Install all required Libraries

In [None]:
!pip install \
GoogleNews \
bs4 \
sentence-transformers \
faiss-cpu \
groq

Import all required libraries

In [47]:
from sentence_transformers import SentenceTransformer
from langchain.schema import SystemMessage, HumanMessage
from GoogleNews import GoogleNews
from bs4 import BeautifulSoup
import re
import requests
import time, random
import pandas as pd
import re
import faiss
import numpy as np

Search for news related to user entered topic

In [17]:
user_request = input(str("Give me a topic: " ))

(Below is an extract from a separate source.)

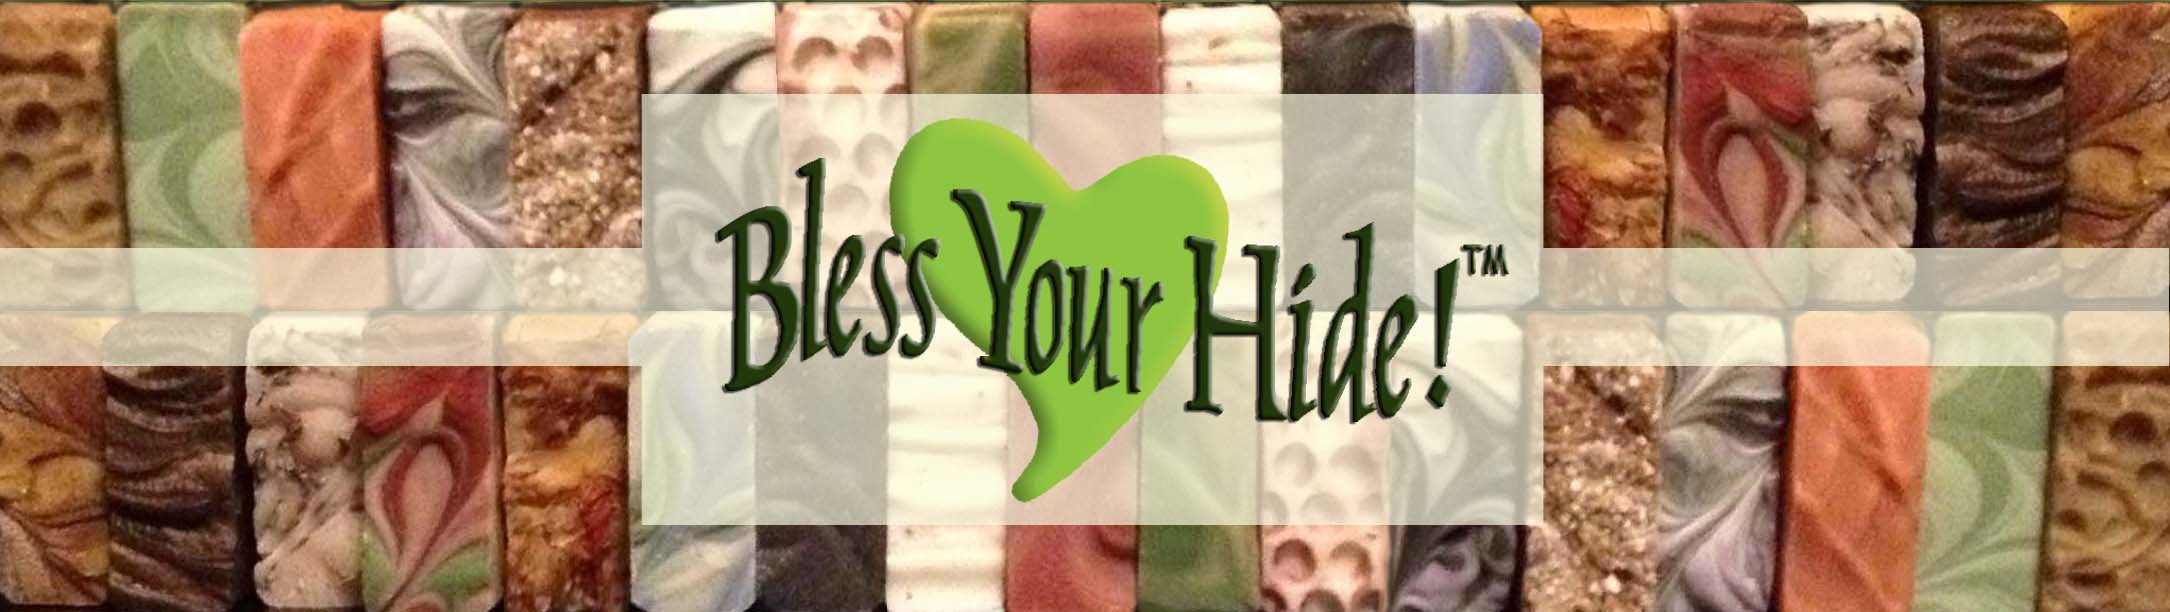 Bless Your Hide!
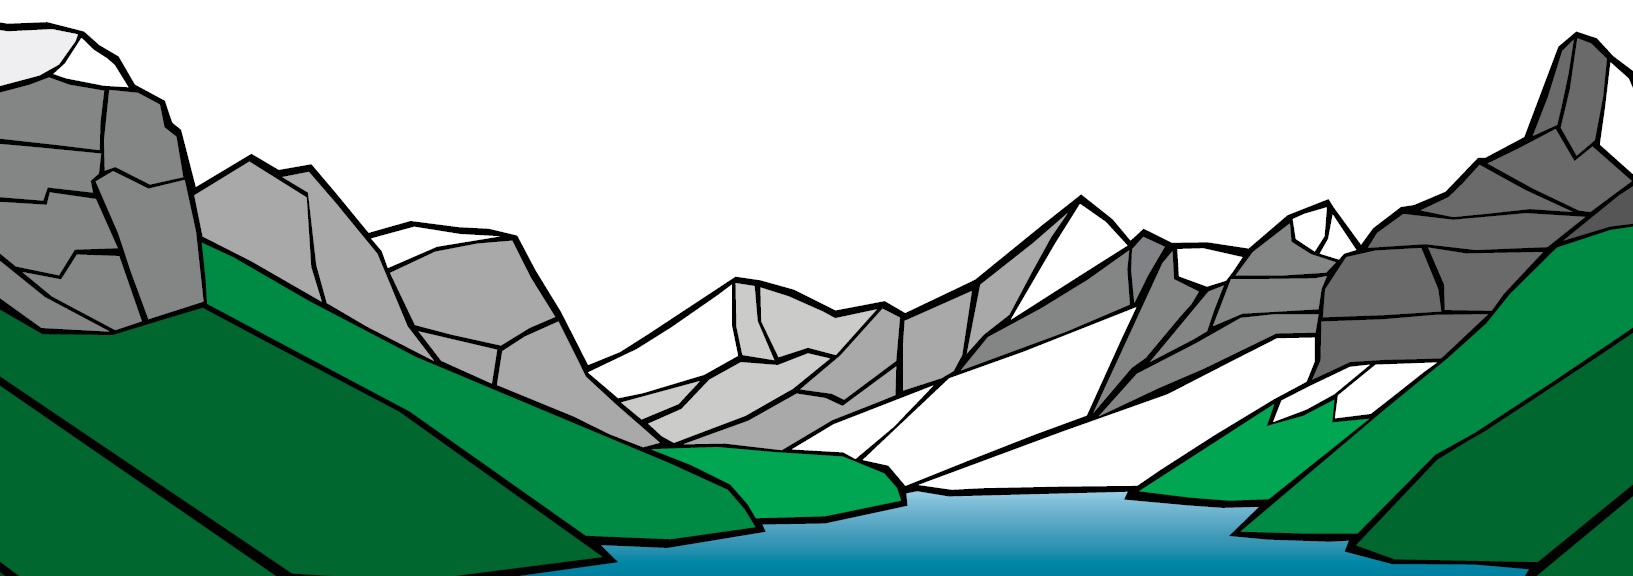 Illustration of a lake in the mountains

googlenews = GoogleNews(period='7d')
googlenews.search(user_request)

all_results = []
for i in range(1, 50):
    googlenews.getpage(i)
    result = googlenews.result()

    if result:
        all_results.extend(result)

    if len(all_results) >= 100:
        break

df = pd.DataFrame(all_results).drop_duplicates(subset=['title'], keep='last').head(100)
df.reset_index(drop=True, inplace=True)

Give me a topic: GDP


In [18]:
df.columns

Index(['title', 'media', 'date', 'datetime', 'desc', 'link', 'img'], dtype='object')

In [22]:
df.loc[1,'desc']

'John Healey told papers over the weekend he had "no doubt" that the government would spend 3% on defence by 2034. NATO target: 3.5% By the Sunday.'

In [23]:
data = df.drop(columns = ['media', 'date', 'datetime', 'desc', 'img'])

In [26]:
latest_links = [re.split("&ved", link)[0] for link in df['link']]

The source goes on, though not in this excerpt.